What Is 'The Haunting of Bly Manor' Based On?
Netflix's The Haunting of Hill House was a reimagining of the classic novel by Shirley Jackson, transporting the action into the modern day and focusing its horror narrative on one family's generational trauma. The follow-up series, The Haunting of Bly Manor, is also a psychological ghost story based on a book, although its source material is a little more varied than Hill House. Here's all the details you need to build a Bly Manor reading list.
The series is mainly based on Henry James's 1898 novella The Turn of the Screw, which has been adapted numerous times over the years—most notably by Jack Clayton in his acclaimed 1961 film The Innocents, and most recently by director Floria Sigismondi in this year's The Turning. The Turn of the Screw was initially published in serialized form by Collier's magazine between January and April of 1898. This was very common at the time, and it's the way a lot of iconic British fiction began, including Charles Dickens's first novel The Pickwick Papers and Arthur Conan Doyle's Sherlock Holmes stories.

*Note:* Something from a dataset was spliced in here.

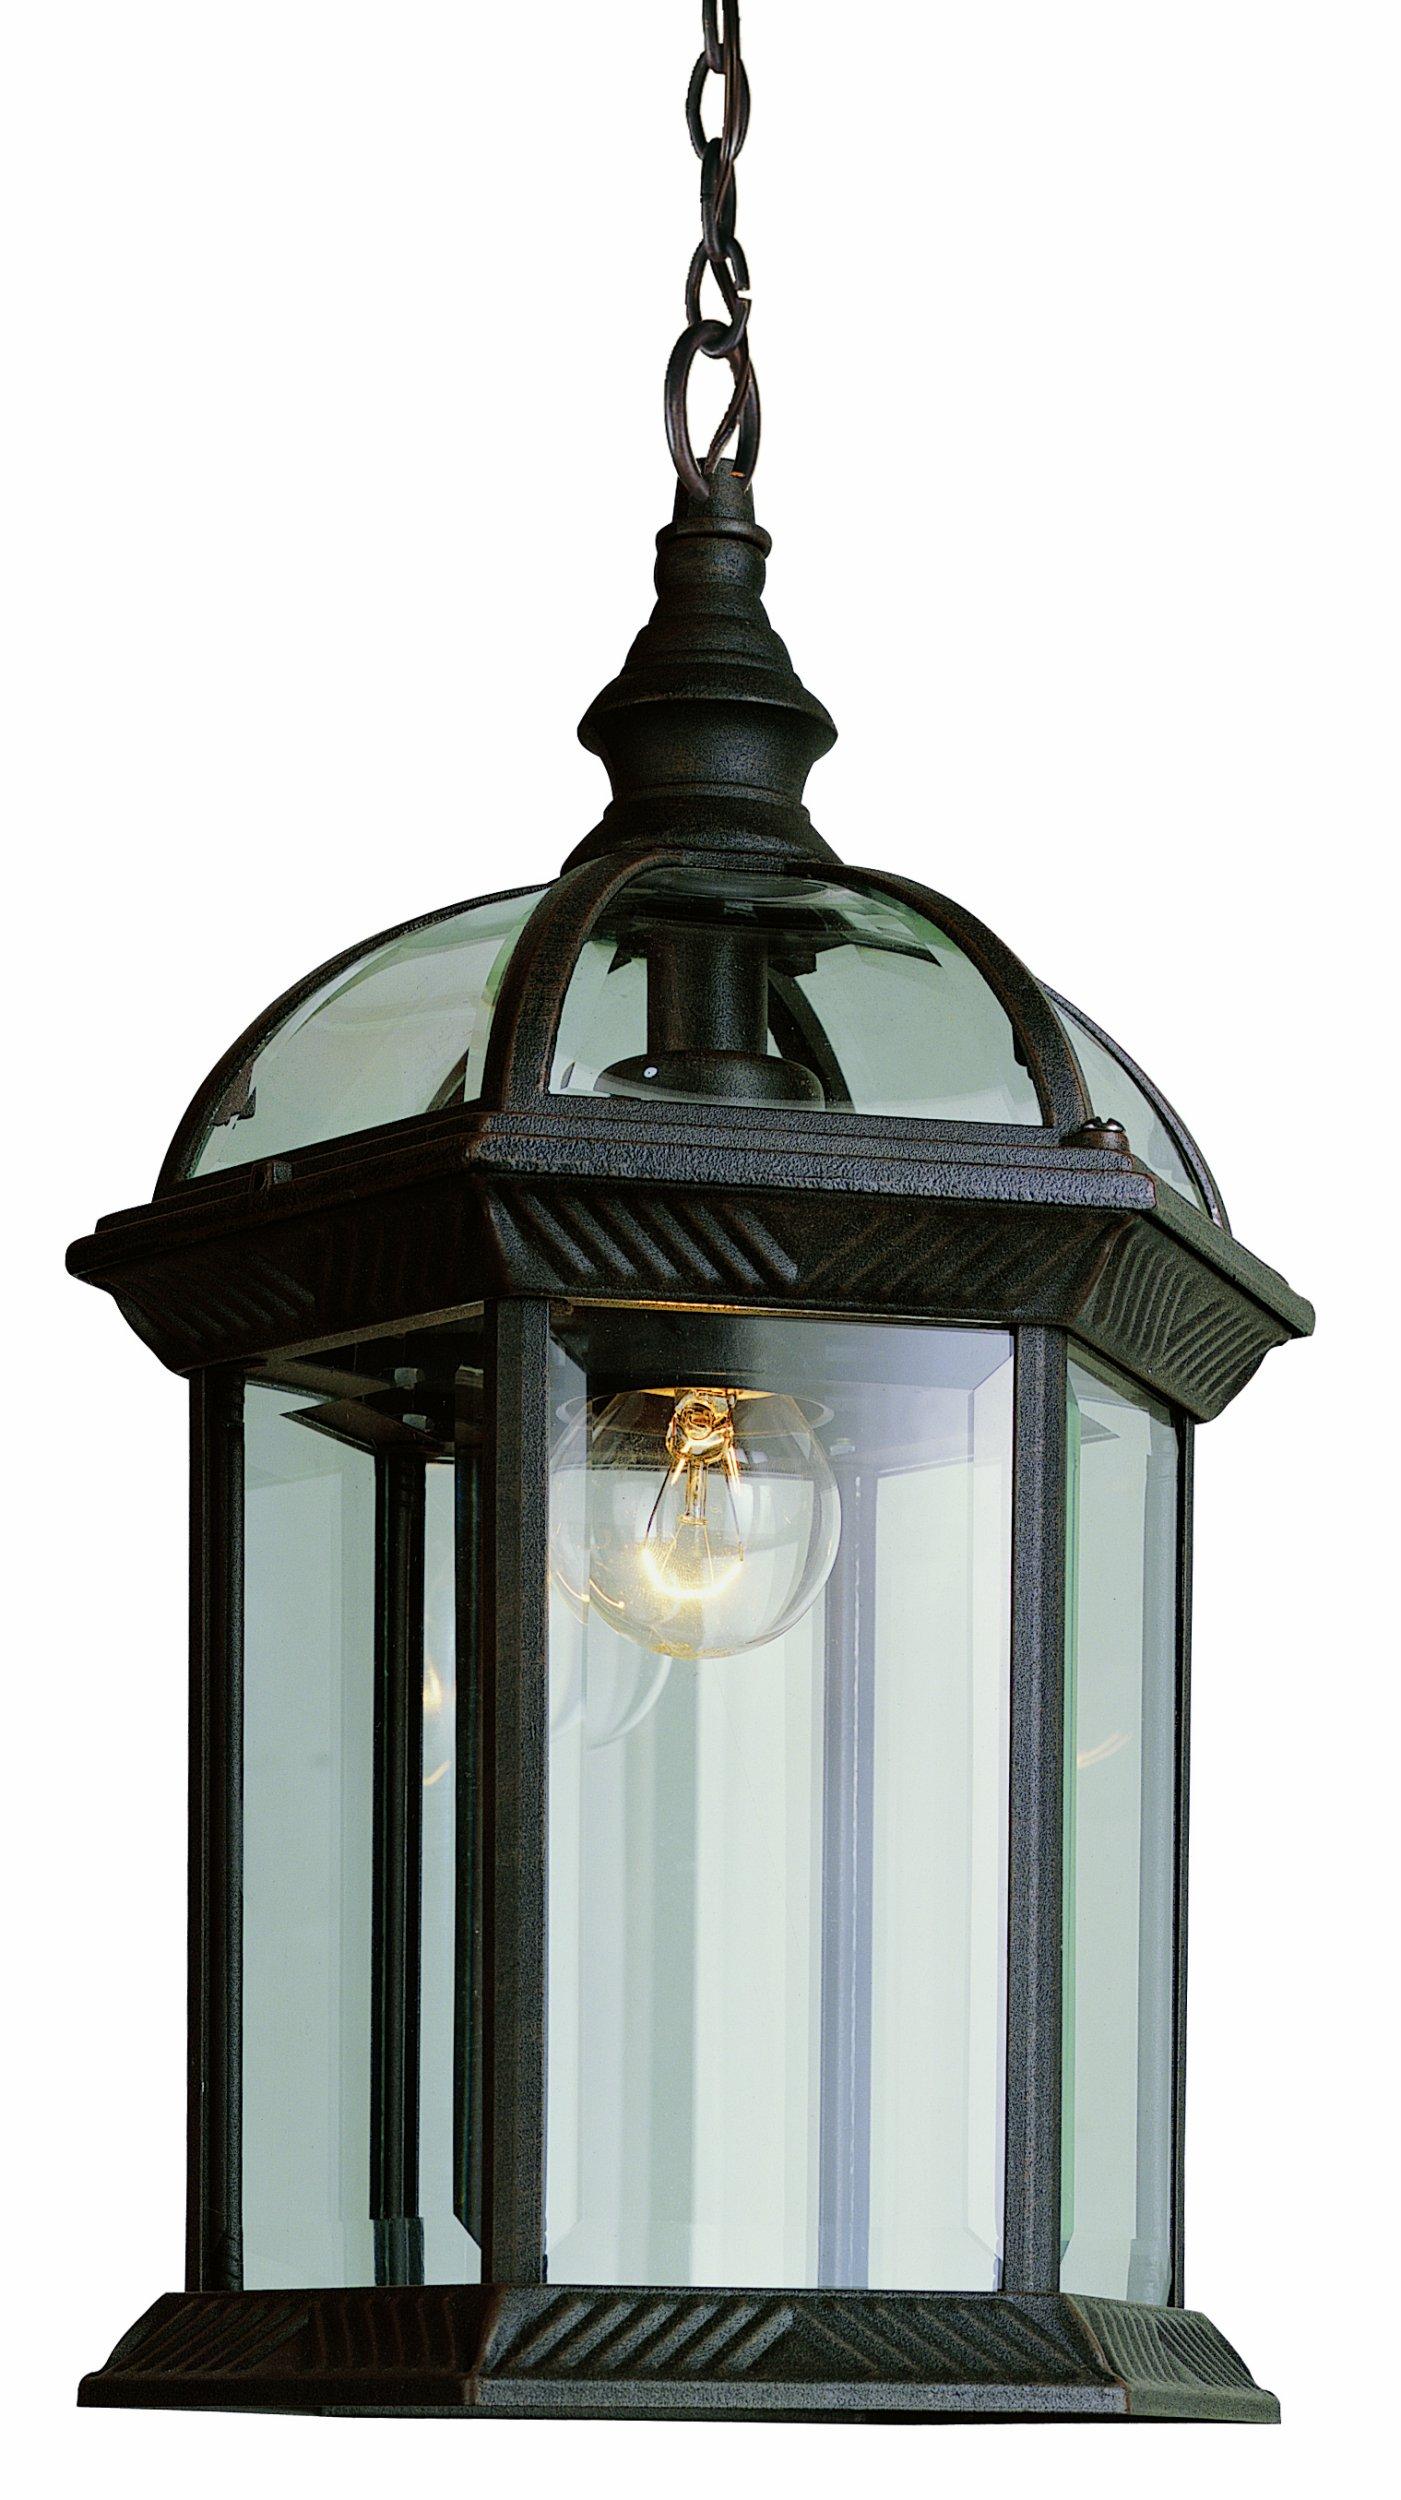 Trans Globe Lighting 4183 RT Outdoor Wentworth 17.5'' Hanging Lantern, Rust, 14-Inch, by Trans Globe Lighting

The Turn of the Screw tells the story of a young, unnamed governess who arrives at a remote manor house in the English countryside, where she's taken a job caring for a newly orphaned brother and sister.
Although she's charmed by the idyllic, bucolic setting of the house and its sprawling grounds, the governess becomes increasingly unsettled as she starts experiencing strange visions and realizes the house is haunted. That synopsis broadly describes at least some of what happens in The Haunting of Bly Manor, although creator Mike Flanagan and his writing team expanded the story and characters significantly, adding a lot of new elements to create a rich nine-episode series.
"The backbone of Turn of the Screw is about children who don’t have a family," Flanagan said on the Bly Manor set earlier this year. "I’m very drawn to stories of family and trauma, and this is kind of about an improvised family, a family that is pulling itself together. There is trauma, but it’s not that kind of existential trauma that we dealt with in the first season."
Flanagan & co. also drew on source material beyond The Turn of the Screw—in fact, there are references to numerous Henry James works in the show, and every episode is named after one of his short stories.
“One of the unique things about this season is that while we’re using The Turn of the Screw as kind of the backbone of it, we’re also digging into all of the other Henry James ghost stories,” Flanagan said. “Turn of the Screw’s been adapted so many times that it’s really hard to make that feel fresh, but once we opened it up to the rest of his work, and a lot of it that’s never been adapted, there’s just a lot more to pull from.”
Without spoiling anything specific about the season, there are a few James short stories that are particularly important to the story. One is The Romance of Certain Old Clothes, which tells the story of two sisters whose romantic rivalry spirals into otherworldly tragedy. Another is The Beast in the Jungle, which follows a man who is overwhelmed by a feeling of doom, certain that his life is fated to end in a catastrophe. And the third is The Jolly Corner, which centers on a man who returns to his childhood home and finds it haunted by his alter ego—a physical manifestation of the man he could have been if he had made different choices.
"You can really see the seeds that Henry James planted that then rippled throughout horror fiction," Flanagan said of digging back through the James canon for the new season. "Shirley Jackson was clearly inspired quite a bit by Henry James, and Stephen King was inspired by Shirley Jackson. It’s been really cool to go all the way back to the beginning, and be able to identify these threads that have been with the genre ever since."